Eval + checkpoint mechanics¶
What happens every eval_steps (typically 100) optimizer steps, and how a "best" checkpoint is chosen.
The eval block¶
if global_step % eval_steps == 0:
metrics = evaluate(model, tokenizer, eval_loader, device, whisper_lang)
# metrics: {"wer", "cer", "loss", "n"}
# 1. Apply per-group save criterion (see "Save criteria" below)
if save_criterion_met(metrics):
torch.save({
"model_state_dict": model.state_dict(),
"step": global_step,
"wer": wer, "cer": cer, "eval_loss": eval_loss,
"config_id": config_id, "seed": seed,
}, BEST_MODEL_DIR / "checkpoint.pt")
patience_counter = 0
else:
patience_counter += 1
# 2. Patience-based early stop
if patience_counter >= patience: # typically 5 for FFT
logger.info(f"Early stopping at step {global_step}")
break
What evaluate() does¶
@torch.no_grad()
def evaluate(model, tokenizer, eval_loader, device, language):
model.eval()
refs, hyps, losses = [], [], []
for batch in eval_loader:
feats = batch["input_features"].to(device, dtype=torch.float16)

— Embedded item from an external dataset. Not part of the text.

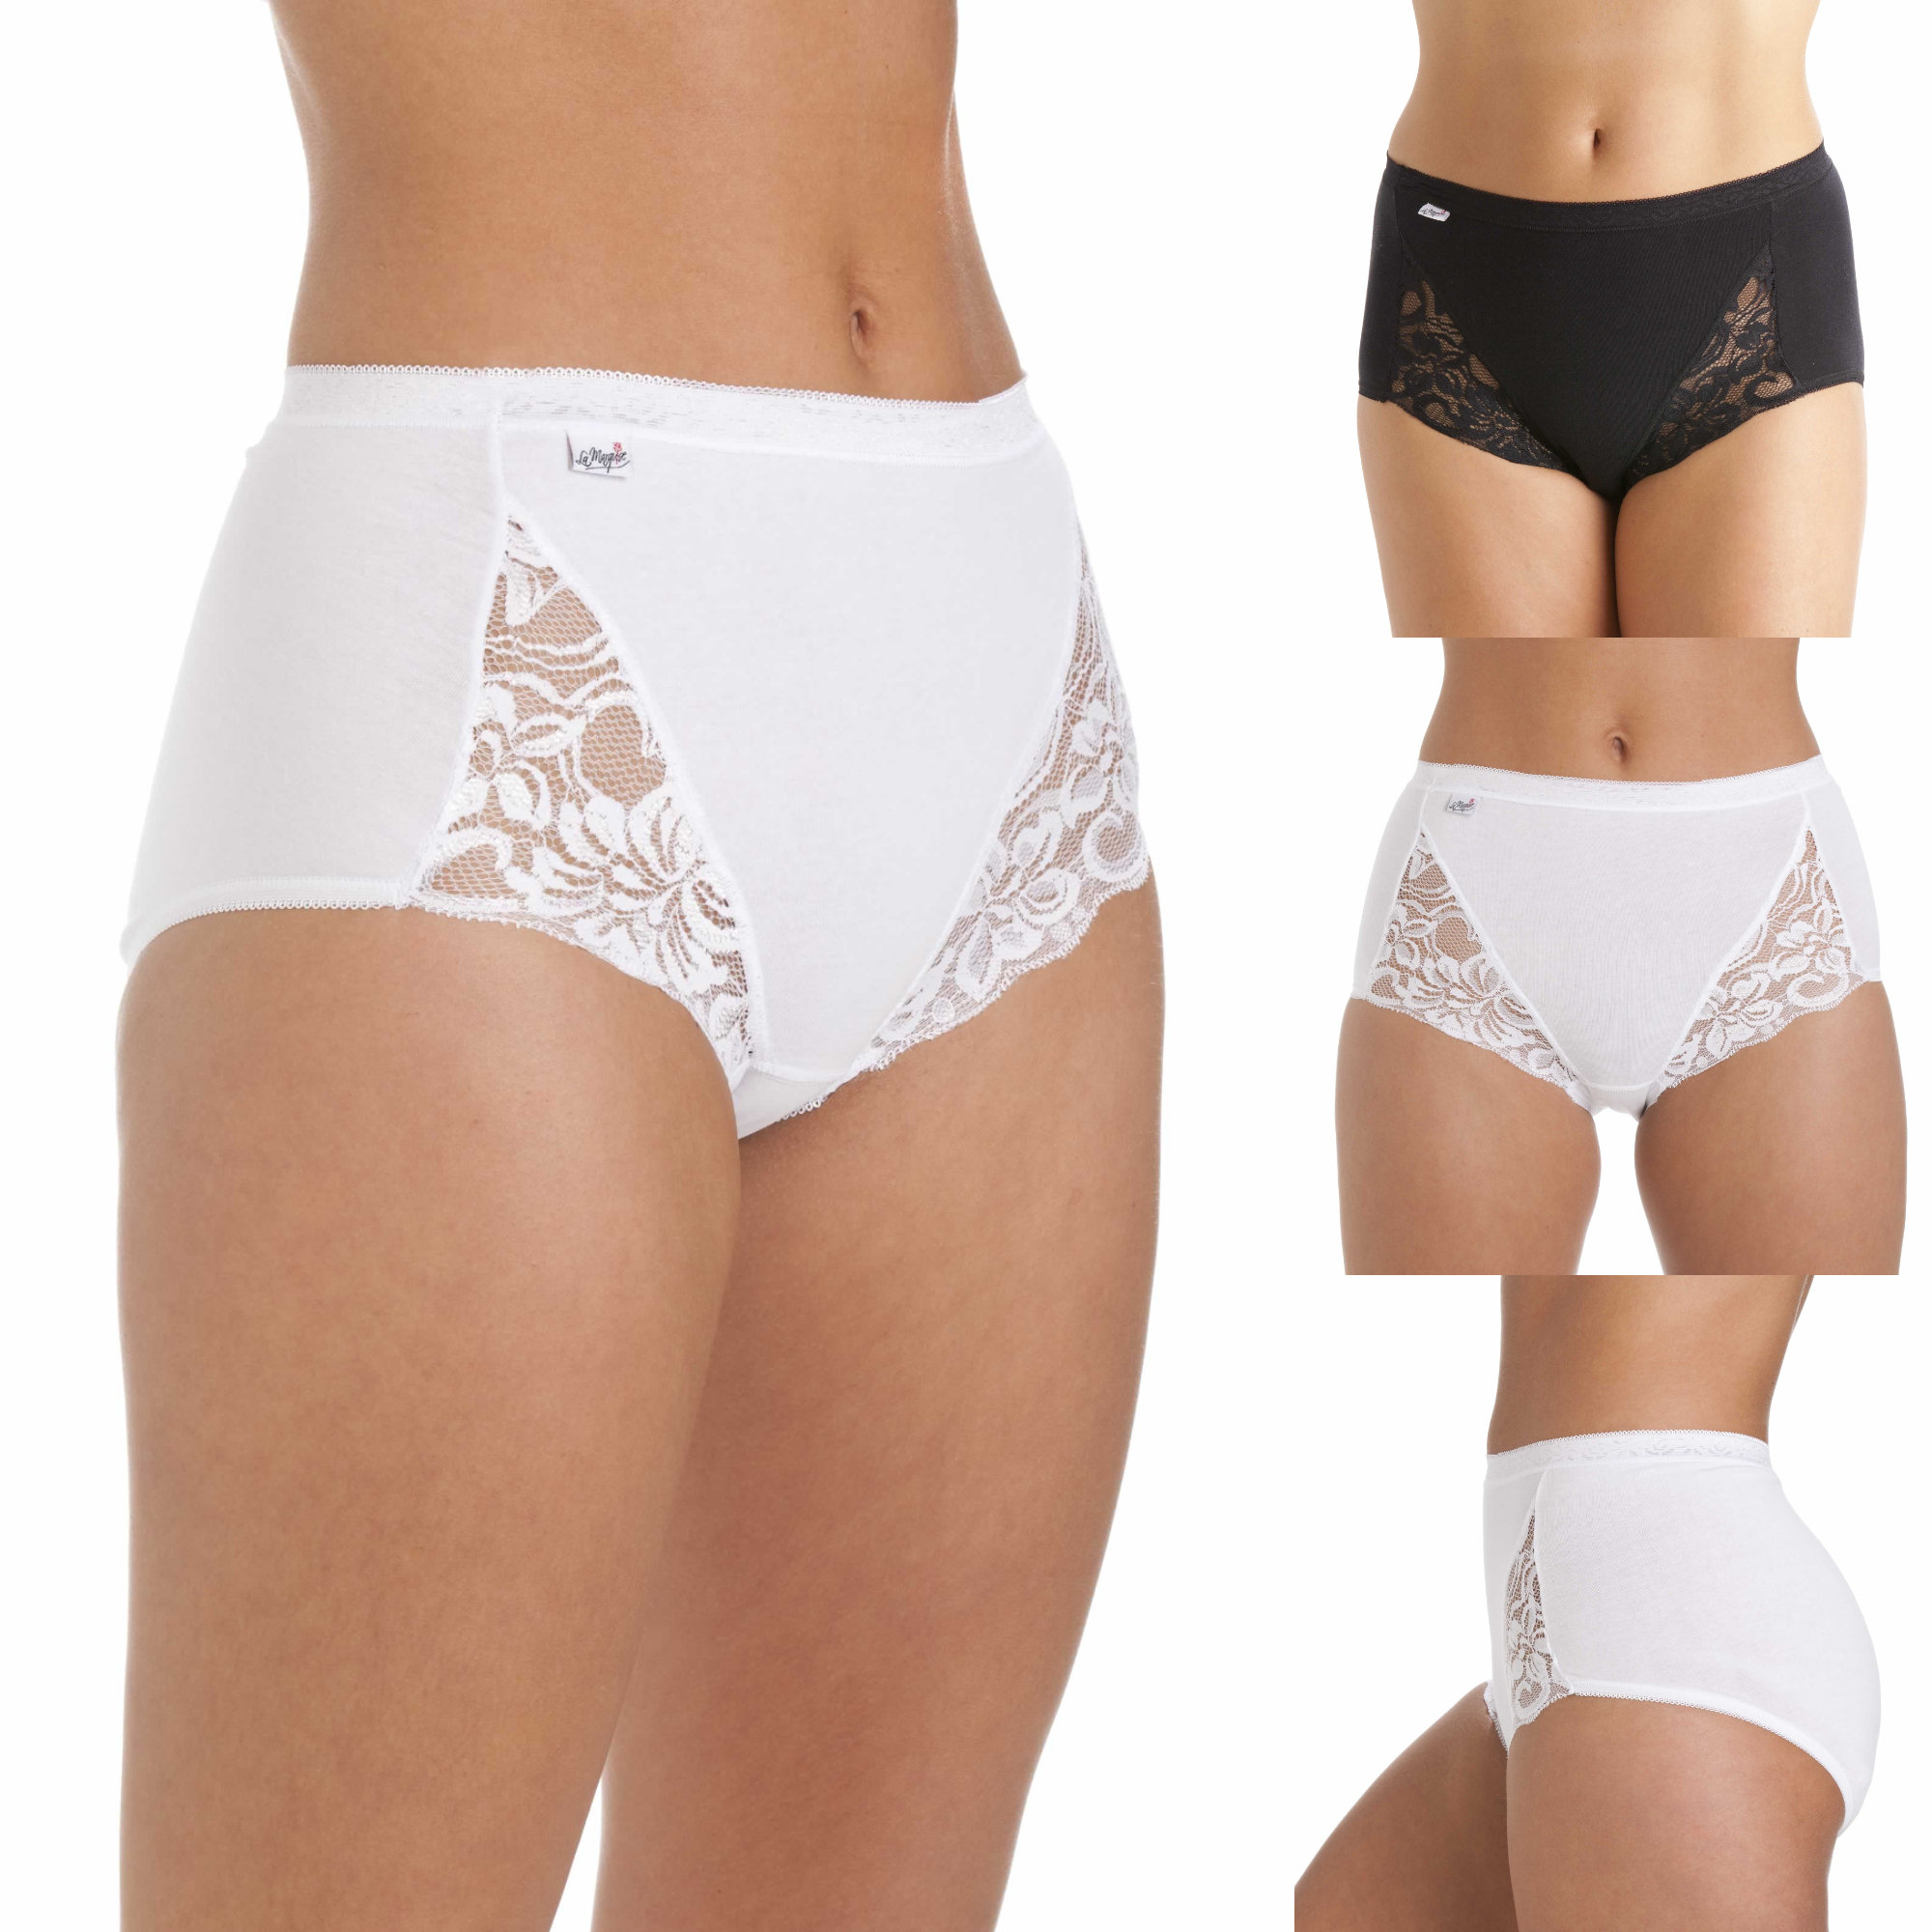 Rovga High Waisted Thong Comfortable Cotton Underwear For India
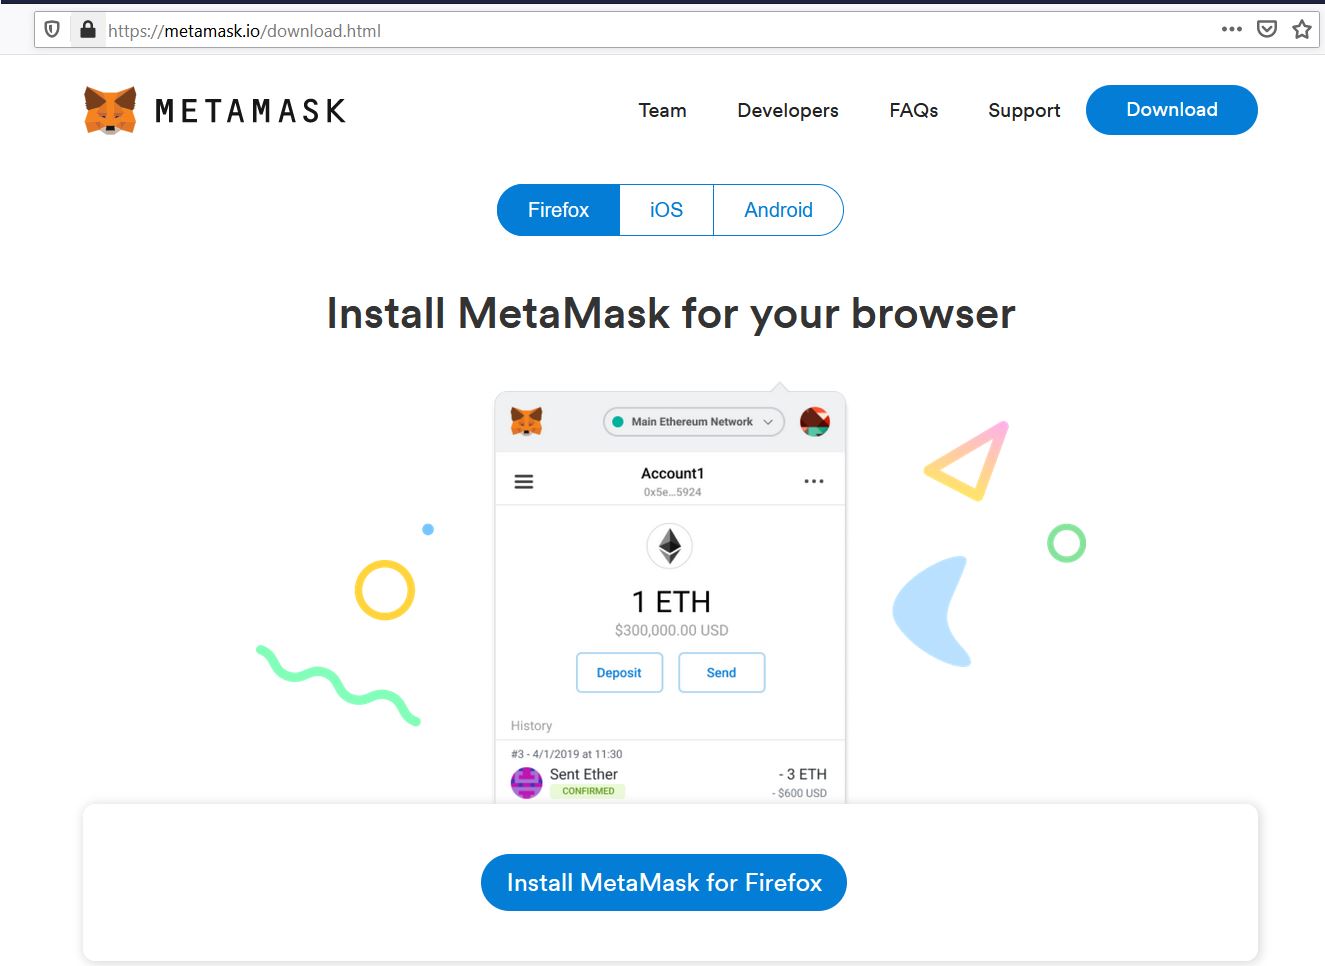 why does metamask only serve united states

labels = batch["labels"].to(device)
with autocast():
# Loss: teacher-forced (same as training)
out = model(input_features=feats, labels=labels)
losses.append(out.loss.item())
# Greedy generation: autoregressive, one token at a time
gen = model.generate(
feats,
max_new_tokens=256,
language=language,
task="transcribe",
num_beams=1,
)
for g, t in zip(gen, batch["texts"]):
hyps.append(tokenizer.decode(g, skip_special_tokens=True).strip())
refs.append(t)
model.train()
return {
"wer": compute_wer(refs, hyps),
"cer": compute_cer(refs, hyps),
"loss": float(np.mean(losses)),
"n": len(refs),
}
Two cost drivers:
-
Greedy generation: each utterance generates one token at a time, autoregressively. Encoder runs once (fixed ~20 ms for 30 s audio), then the decoder generates tokens until EOS or
max_new_tokens=256. This is where the tokenizer matters for in-training eval latency — Whisper generates<lang> <transcribe> <notimestamps> token_1 token_2 …. For Brahmic langs with the old broken BPE, the model had to emit ~5× more tokens than with the fixed tokenizer to express the same transcription. So even in-training evals were artificially slow before the Split bug fix. -
WER/CER computation via
jiwer: CPU-bound, runs after all decoded. Typically 1–5 seconds for a ~500-sample val set.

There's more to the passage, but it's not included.